Metadata-Version: 2.1
Name: Doc-Converter
Version: 0.0.3
Summary: This module is designed to convert all types of files into usable text str to make it easier to work with python
Author: Ibrahim
Author-email: string2025@gmail.com
Description-Content-Type: text/markdown
License-File: license.txt
Requires-Dist: python-docx
Requires-Dist: python-pptx
Requires-Dist: pypdf2

# Documentation for Document Converter Code

This Python code provides a set of classes designed to extract text from various document formats: PDF, PPTX (PowerPoint), and DOCX (Word). It utilizes the `PyPDF2`, `python-pptx`, and `python-docx` libraries to accomplish this task.

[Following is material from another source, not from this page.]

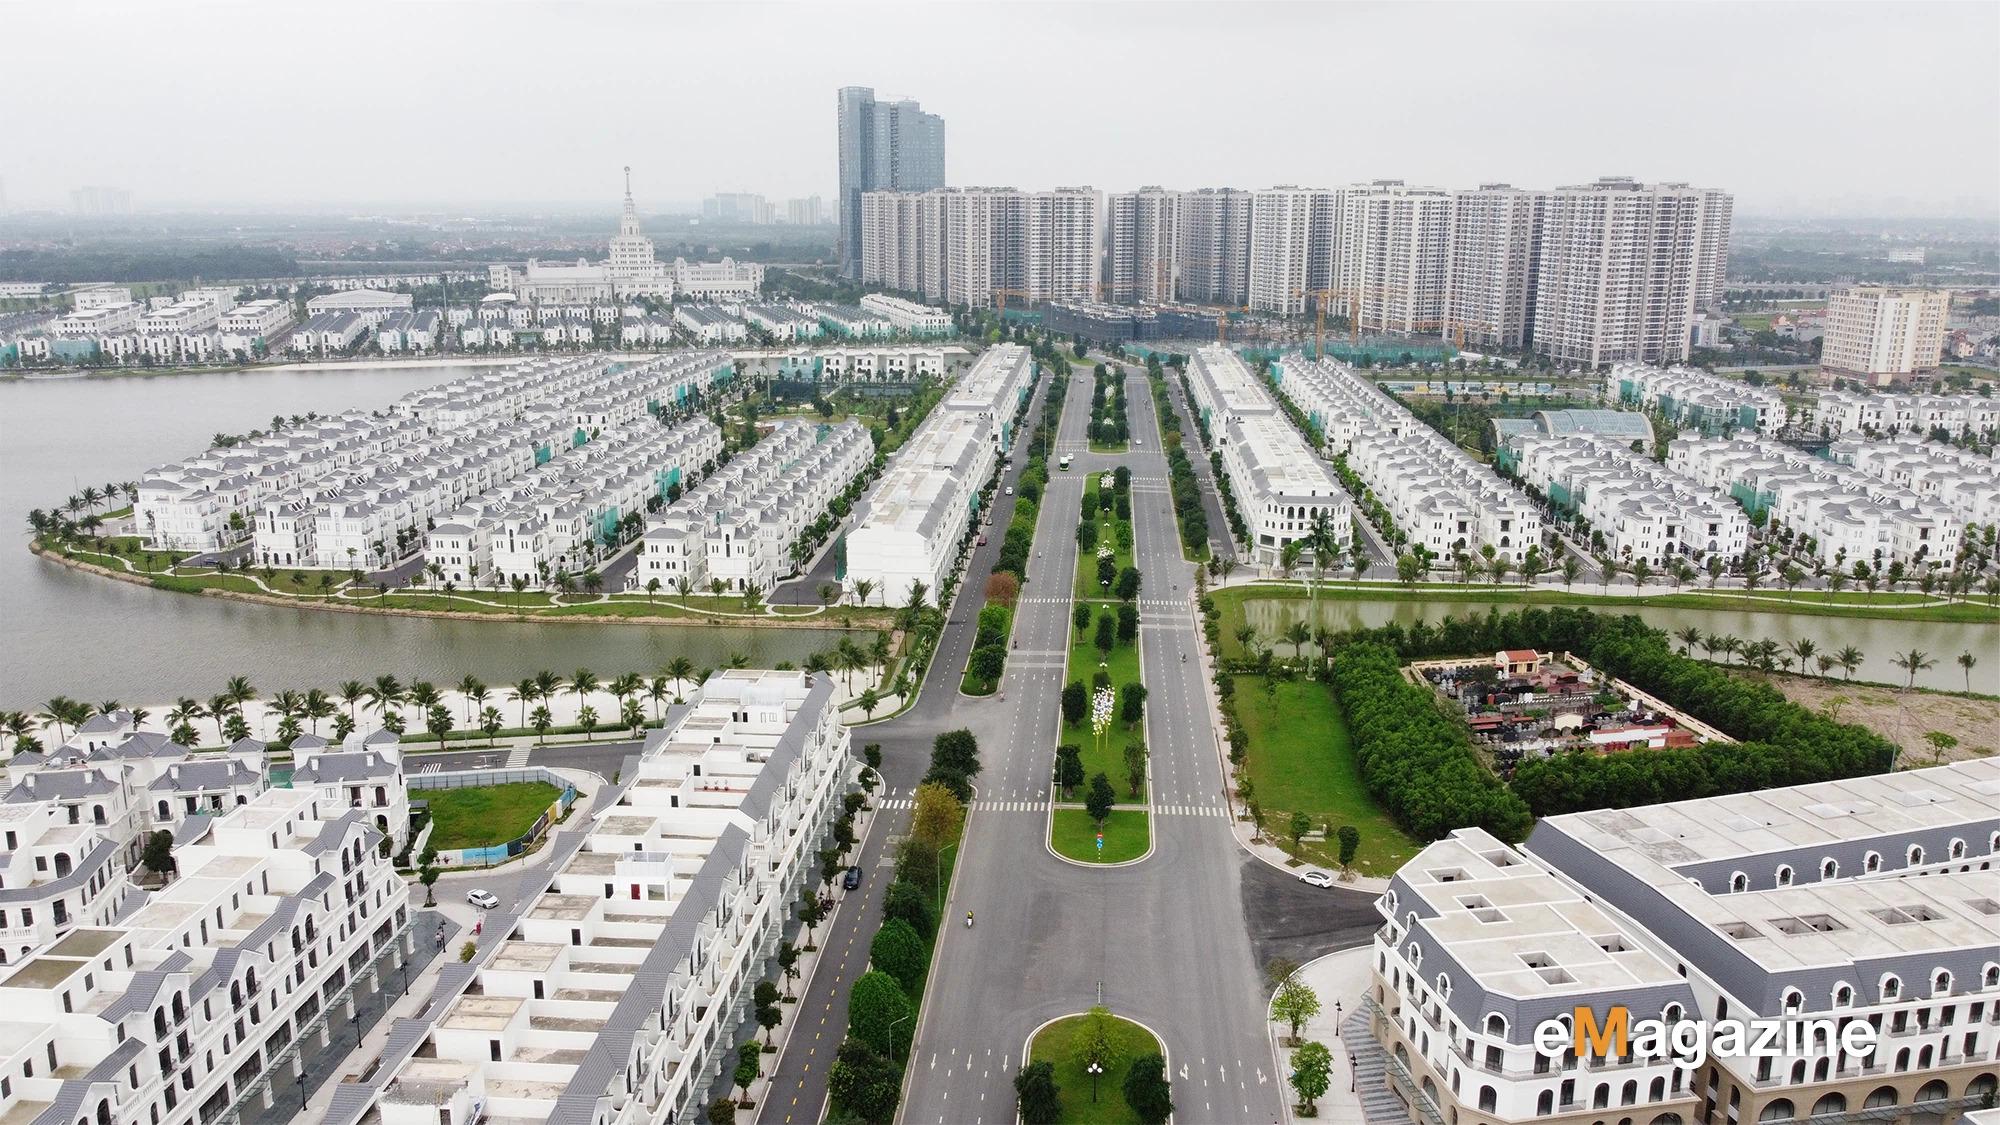 66 dự án mới đổ bộ thị trường bất động sản quý II, FLC, Vinhomes, Sungroup, Masterise Homes góp mặt - Ảnh 2.

Below is a breakdown of each class and its methods.
To install this : 

`pip install doc-converter`
## Classes





### 1. `pdf`
The `pdf` class is responsible for extracting text from PDF files.

#### Methods
- **`__init__(self, path: str) -> None`**
  - **Parameters:**
    - `path`: The directory path where the PDF files are located.
  - **Description:** Initializes the class with the specified directory path.

- **`pdf_to_text(self) -> List[str]`**
  - **Returns:** A list of strings, each containing the text extracted from a PDF file.
  - **Description:** 
    - Changes the working directory to the specified path.
    - Scans for all PDF files in the directory.
    - Reads each PDF file and extracts text from all pages.
    - Returns a list containing the extracted text from each PDF file.

### 2. `pptx_files`
The `pptx_files` class is designed to extract text from PPTX (PowerPoint) files.

#### Methods
- **`__init__(self, path: str) -> None`**
  - **Parameters:**
    - `path`: The directory path where the PPTX files are located.
  - **Description:** Initializes the class with the specified directory path.

- **`pptx_to_text(self) -> List[str]`**
  - **Returns:** A list of strings, each containing the text extracted from a PPTX file.
  - **Description:**
    - Changes the working directory to the specified path.
    - Scans for all PPTX files in the directory.
    - Reads each PPTX file and extracts text from all slides and shapes.
    - Returns a list containing the extracted text from each PPTX file.

### 3. `DocxtoText`
The `DocxtoText` class is responsible for extracting text from DOCX (Word) files.

#### Methods
- **`__init__(self, path: str) -> None`**
  - **Parameters:**
    - `path`: The directory path where the DOCX files are located.
  - **Description:** Initializes the class with the specified directory path.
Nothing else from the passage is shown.